The grouping unit 103 chooses one unprocessed hub from hubs extracted in Step S1 (Step S3). A hub that has been chosen in Step S3 will be hereinafter called a hub h.

The grouping unit 103 extracts adjacent vertices that are associated with the hub h from the first KVS 111 (Step S5).

The grouping unit 103 classifies adjacent vertices that have been extracted in Step S5 into groups, based on combinations of hubs that are adjacent to the adjacent vertices (Step S7). A method for grouping is as has been described with reference to FIG. 3 to FIG. 6.

The grouping unit 103 stores identification information of the adjacent groups and identification information of the adjacent vertices in association with identification information of the hub h in the second KVS 113 (Step S9).

The grouping unit 103 stores, in association with identification information of each adjacent group of the hub h, identification information of first vertices that belong to the group, identification information of second vertices adjacent to the first vertices, and identification information of a hub to which all of the first vertices are adjacent in the second KVS 113 (Step S11).

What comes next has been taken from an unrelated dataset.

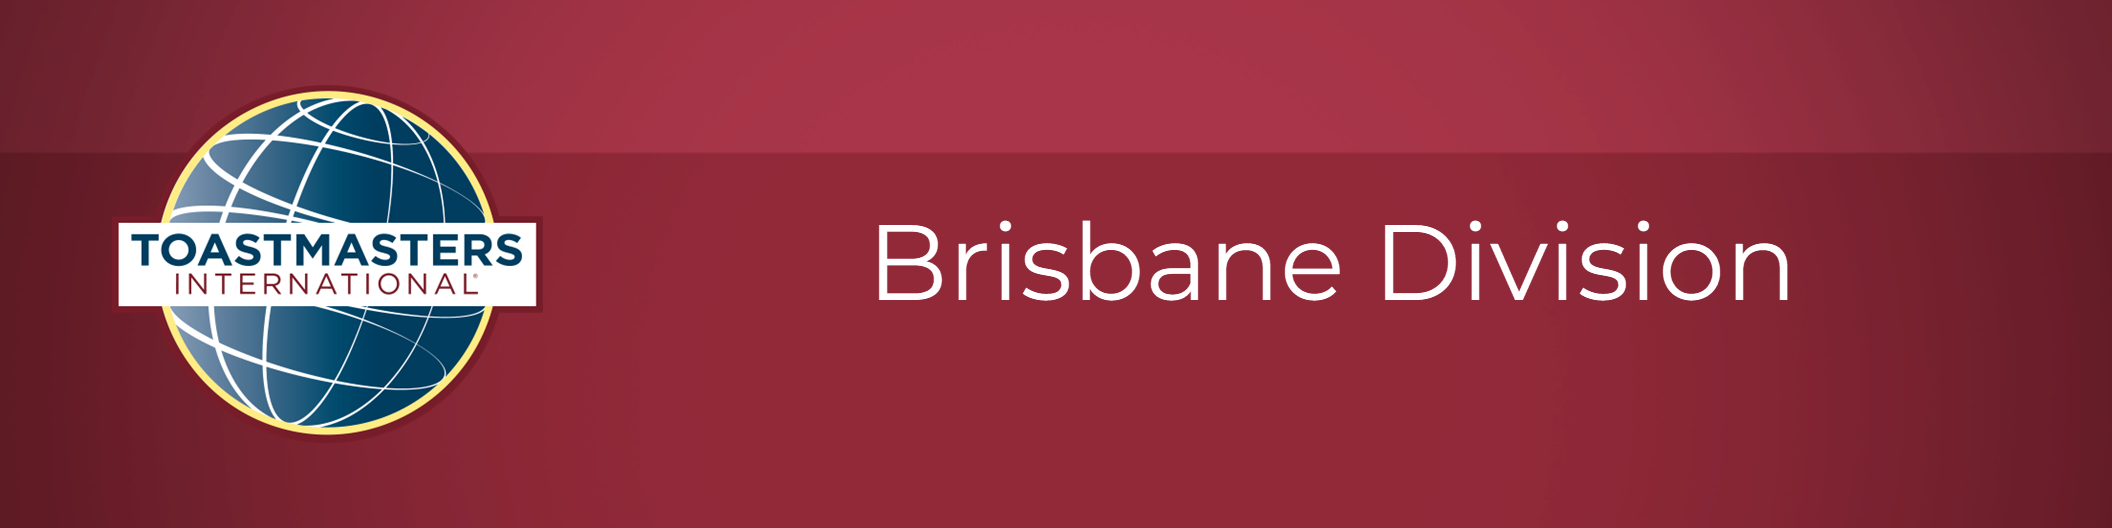 District 69 website page banner for Brisbane Division

The grouping unit 103 determines whether or not there is an unprocessed hub among the hubs that have been extracted in Step S1 (Step S13).

If there is an unprocessed hub (YES route in Step S13), the process returns to Step S3. On the other hand, if there is not an unprocessed hub (NO route in Step S13), the process ends.

If the above-described processing is executed, it is enabled to prepare the data of the second KVS 113 which is used in graph traversal of this embodiment.

FIG. 10 is a flowchart illustrating a processing flow of processing that is executed by the traversal processing unit 105 in the first embodiment. This processing is executed when a traversal query is received or is accepted.

The traversal processing unit 105 executes initialization for traversal processing. Specifically, the traversal processing unit 105 sets a route set Q to Q=[T0] and a route set R to R=[ ] (Step S21 in FIG. 10).

In this embodiment, a route of graph traversal is expressed by a list. For example, when the vertex a, the vertex b, and the vertex c are searched in this order, a route is expressed as [a, b, c]. Q is a queue that is temporarily used and R is a queue that is used for storing a result. Q and R are stored, for example, in the memory 2501. Also, it is assumed that a vertex that is a starting point of graph traversal is n0. A route formed of only n0 is T0. That is, T0=[n0].

The traversal processing unit 105 determines whether or not the route set Q is empty (Step S23).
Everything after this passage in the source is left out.